By Tori Preston | TV | August 13, 2018 |
By Tori Preston | TV | August 13, 2018 |
I’ll admit that I’m a sucker for any listicle that ranks the best anything. In just the past few weeks NPR rounded up “The 200 Greatest Songs By 21st Century Women+”, while The Ringer presented “The 100 Best TV Episodes Of The Century.” Each one I compulsively clicked through, not because I have ever really cared about quasi-definitive rankings of pop cultural nuggets, but because I will ABSOLUTELY DISAGREE with any attempt to organize such a thing. It’s impossible to please everyone! It’s impossible to please ME! Hell, I agreed with every single person who cracked the final Pajiba 10 this year, but I still think it needed more Chris Evans.
To The Ringer’s credit, I was impressed with the scope they achieved, ranking episodes of The Hills and American Idol alongside Breaking Bad and Planet Earth II. While we can quibble about relative placement on the list, you can’t say they didn’t cover a lot of bases. Yet, for all the episodes I loved that got recognition, there was one glaring omission that I can’t help but call out:
The first season finale of Fringe.
Look, I could talk at length about how this show deserves more recognition, from its stellar central cast to the way it expertly pivoted its sci-fi premise away from being a pale X-Files imitation and into a story about family, ethics, responsibility, and forgiveness. All that, plus a kick-ass female lead in Anna Torv, rampant drug references, a cow, some Observers and secret messages for the audience to unlock? OK, OK, fine — I’m clearly biased. But even setting all of that aside, when I think of single outstanding episodes of television, the first season finale comes immediately to mind. “There’s More Than One Of Everything” managed to turn the show you’d been watching all season on its head in a single hour, revealing that what came before was merely a prequel to what the series was really all about: parallel universes.

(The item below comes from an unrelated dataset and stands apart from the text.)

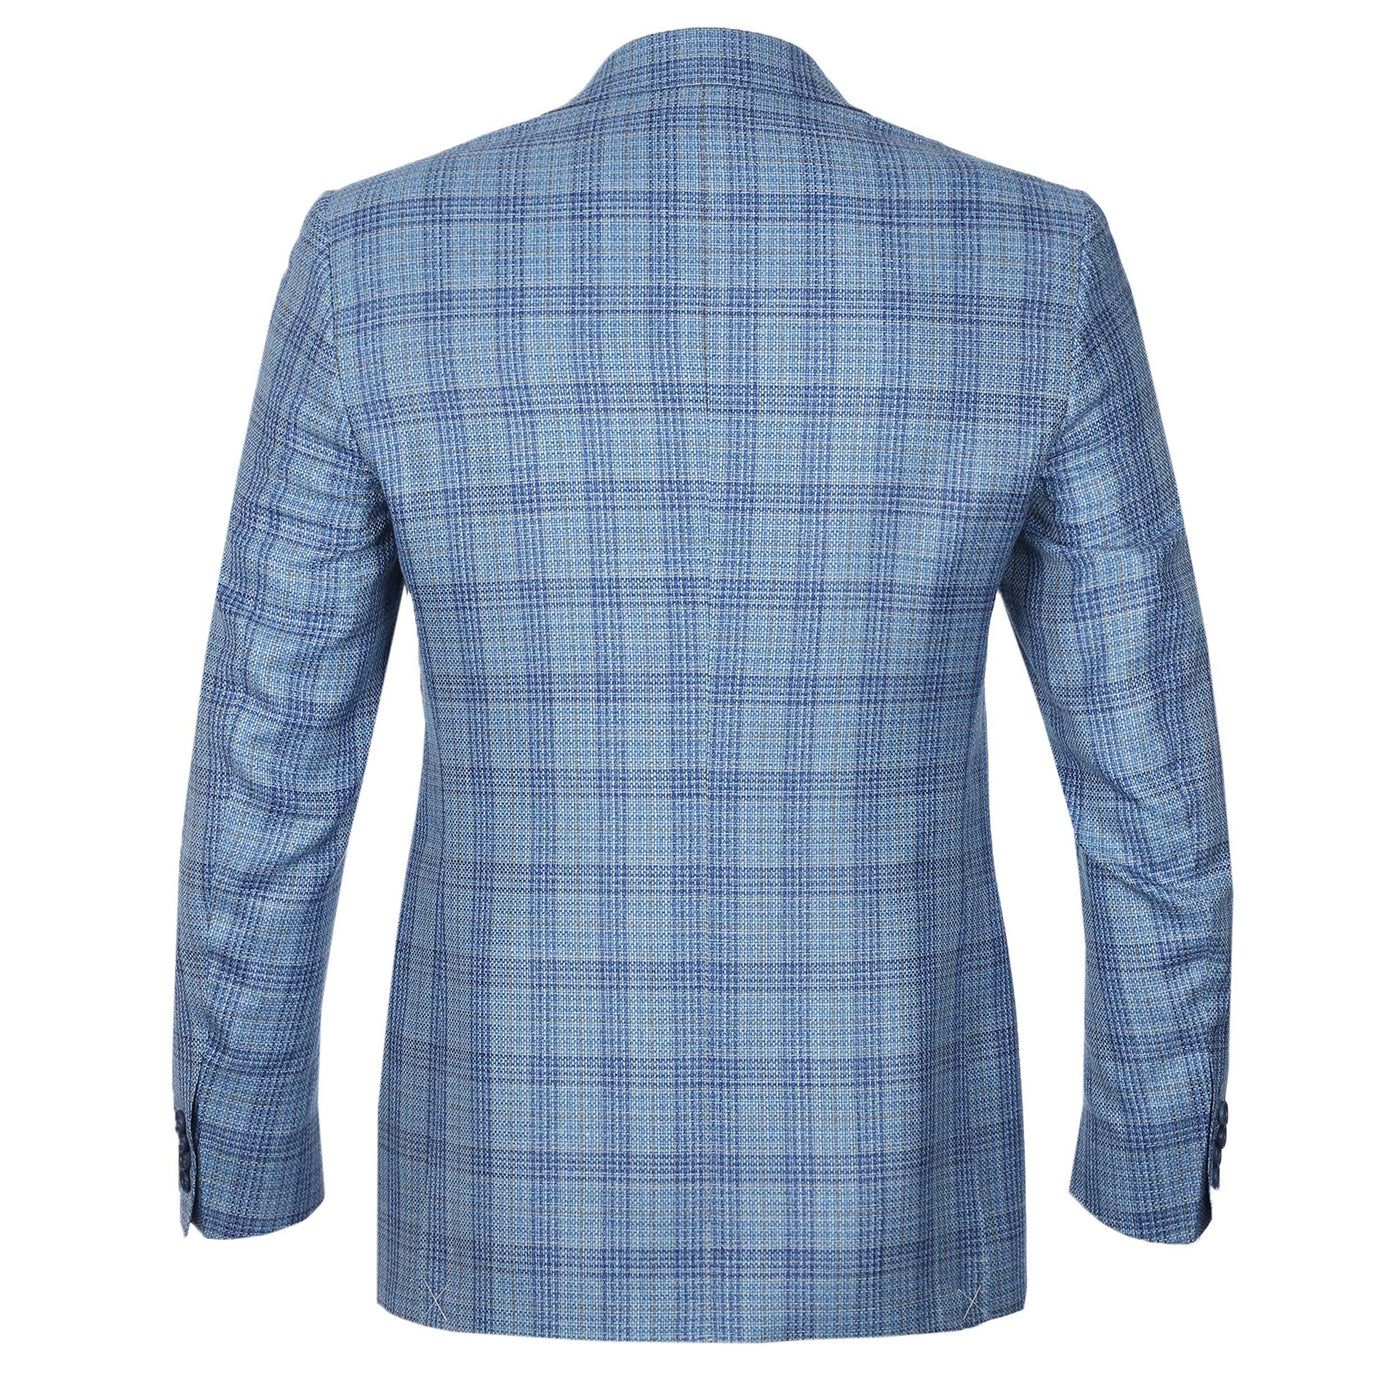 Canali Notch Lapel Milano Jacket in Sky Blue Check Back

The overarching plot of the season, involving mysterious events that all connect back to a network of rogue scientists, culminates in a deadly standoff between the Fringe division and the group’s ringleader, David Robert Jones (Jared Harris). That alone should have been the heart of the finale — but it’s everything that happened in the aftermath that made viewers do a double- or triple-take at what the fuck they were watching. The strained relationship between Walter Bishop (John Noble) and his son Peter Bishop (Joshua Jackson) got a surprising bit of clarity when Walter VISITS HIS SON’S GRAVE. The significance, of course, is that the Peter we’ve been watching all season isn’t the original Peter from this universe.
Another season-long mystery — namely, where the hell has Walter’s former partner William Bell been hiding this whole time? — also came to a head in a spectacular fashion in the episode’s finale moments. Torv’s Olivia Dunham gets in an elevator in her own universe, only to emerge in another. The impact of seeing that she’s actually in the South Tower of the World Trade Center, in a universe where the events of 9/11 didn’t destroy the buildings, is impressive enough. But somehow, seeing Leonard fucking Nimoy emerge from the shadows as Bell himself was the kicker that really took everyone’s breath away. And I truly mean that. When the credits rolled on that episode, I don’t think I’d ever been breathless about a piece of television. It wasn’t even a cliffhanger, not really. It just made me want to dive back in and see where these revelations would go next.
From this point on, the show was no longer simply a case-of-the-week procedural about a team of scientists and agents solving seemingly unexplainable cases. Over the next four seasons, the show explored alternate timelines, supernatural abilities, parallel universes — and even the alternate versions of the core characters that exist on each Earth. Yet no matter how outlandish the plot became, it never lost sight of the emotional core that made it all work: the bonds of between Walter, Peter, and Olivia, and the lengths they’ll go for one another — even when they probably shouldn’t.
Anyway, that’s just my two cents. What do you think is an amazing episode of television that doesn’t get enough recognition? The original list may be focused on TV of this century, but rules are for suckers and TV is forever!